Yesterday I had my second post-op visit with the dietitian so that I can move to raw foods. Can you say salad? When I was speaking to her I shared that I’m not having problems with any food I’m eating. In fact, I shared it like it was a concern. (Shouldn’t it be more difficult? Shouldn’t I be having problems. I mean- I ate ground beef with NO issues.) She laughed and told me it was actually a good thing that I was not having problems. Then it struck me.
Why do I want there to be challenges? Well, if there are physical challenges with the band then I’m really restricted and things are out of my control. Once again, I want this to be easy. I don’t want to deal with the addiction, I want this to be out of my hands. I want to be able to look at something and know I can’t eat it because it’ll make me sick. That is just so odd- and a part of the sickness of addition- or MY sickness of addiction. I do not want to group all people together.
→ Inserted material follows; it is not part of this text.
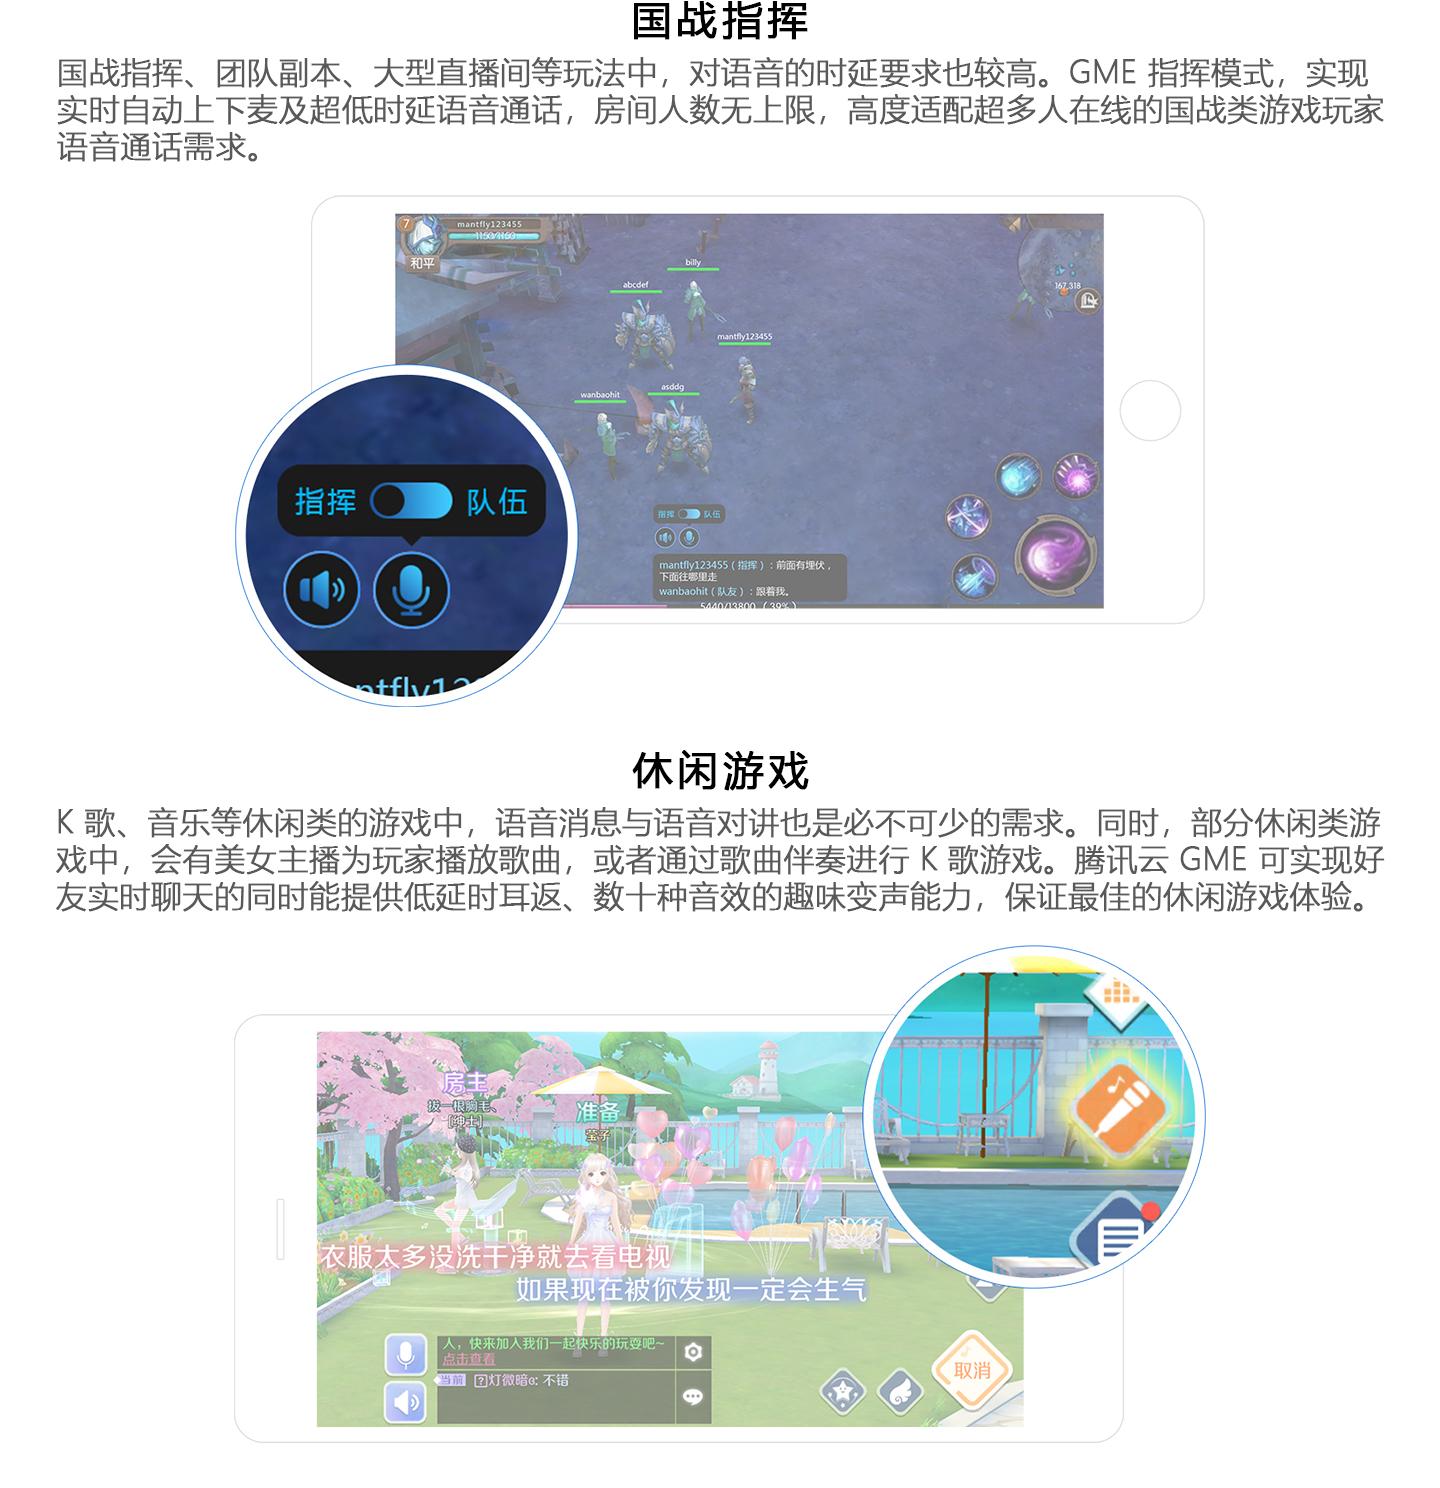 游戏引擎1440_04.jpg
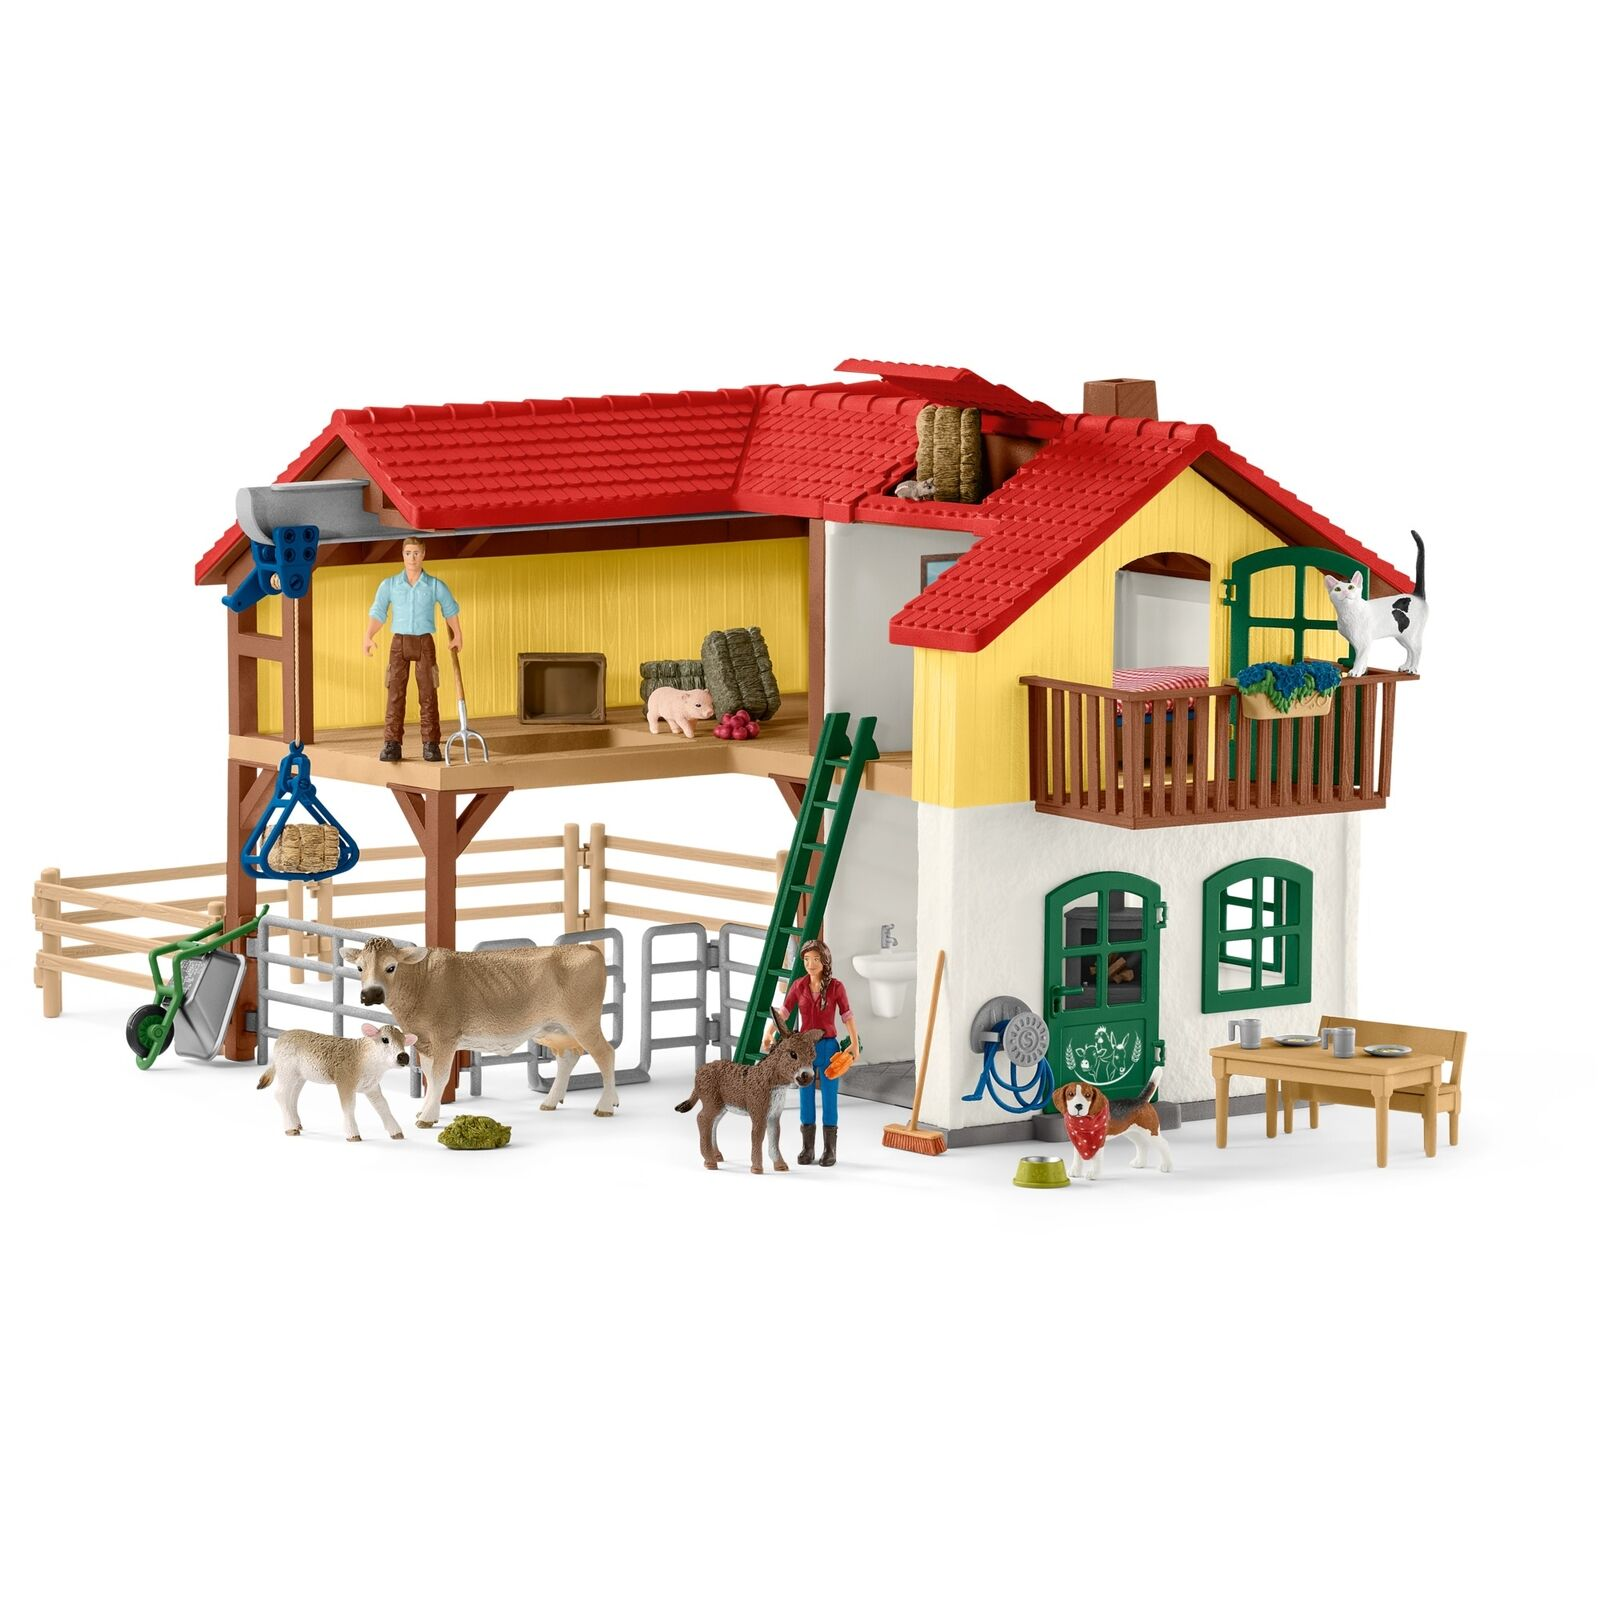 Schleich Farm World Bauernhaus mit Stall und Tieren, Spielfigur

As I got to thinking, I remember the doctor saying “if you give the band the power, this will not work. You are the one with the power.” Ohhh how I struggle with that- damn this addiction and addicted mind! I can only hope that as I work and heal and move forward I will look back at these entries and say “you’ve come a long way, baby!”
Until then, we both get to go through this together. I say “we both” because you are reading this with me. I appreciate knowing you are reading and that my sharing is out there. It has a place to go rather than in just my head. When I worked in a drug rehab there used to be a saying “being in your head is like being in a bad neighborhood all alone”. When I write, I’m no longer alone. Thank you!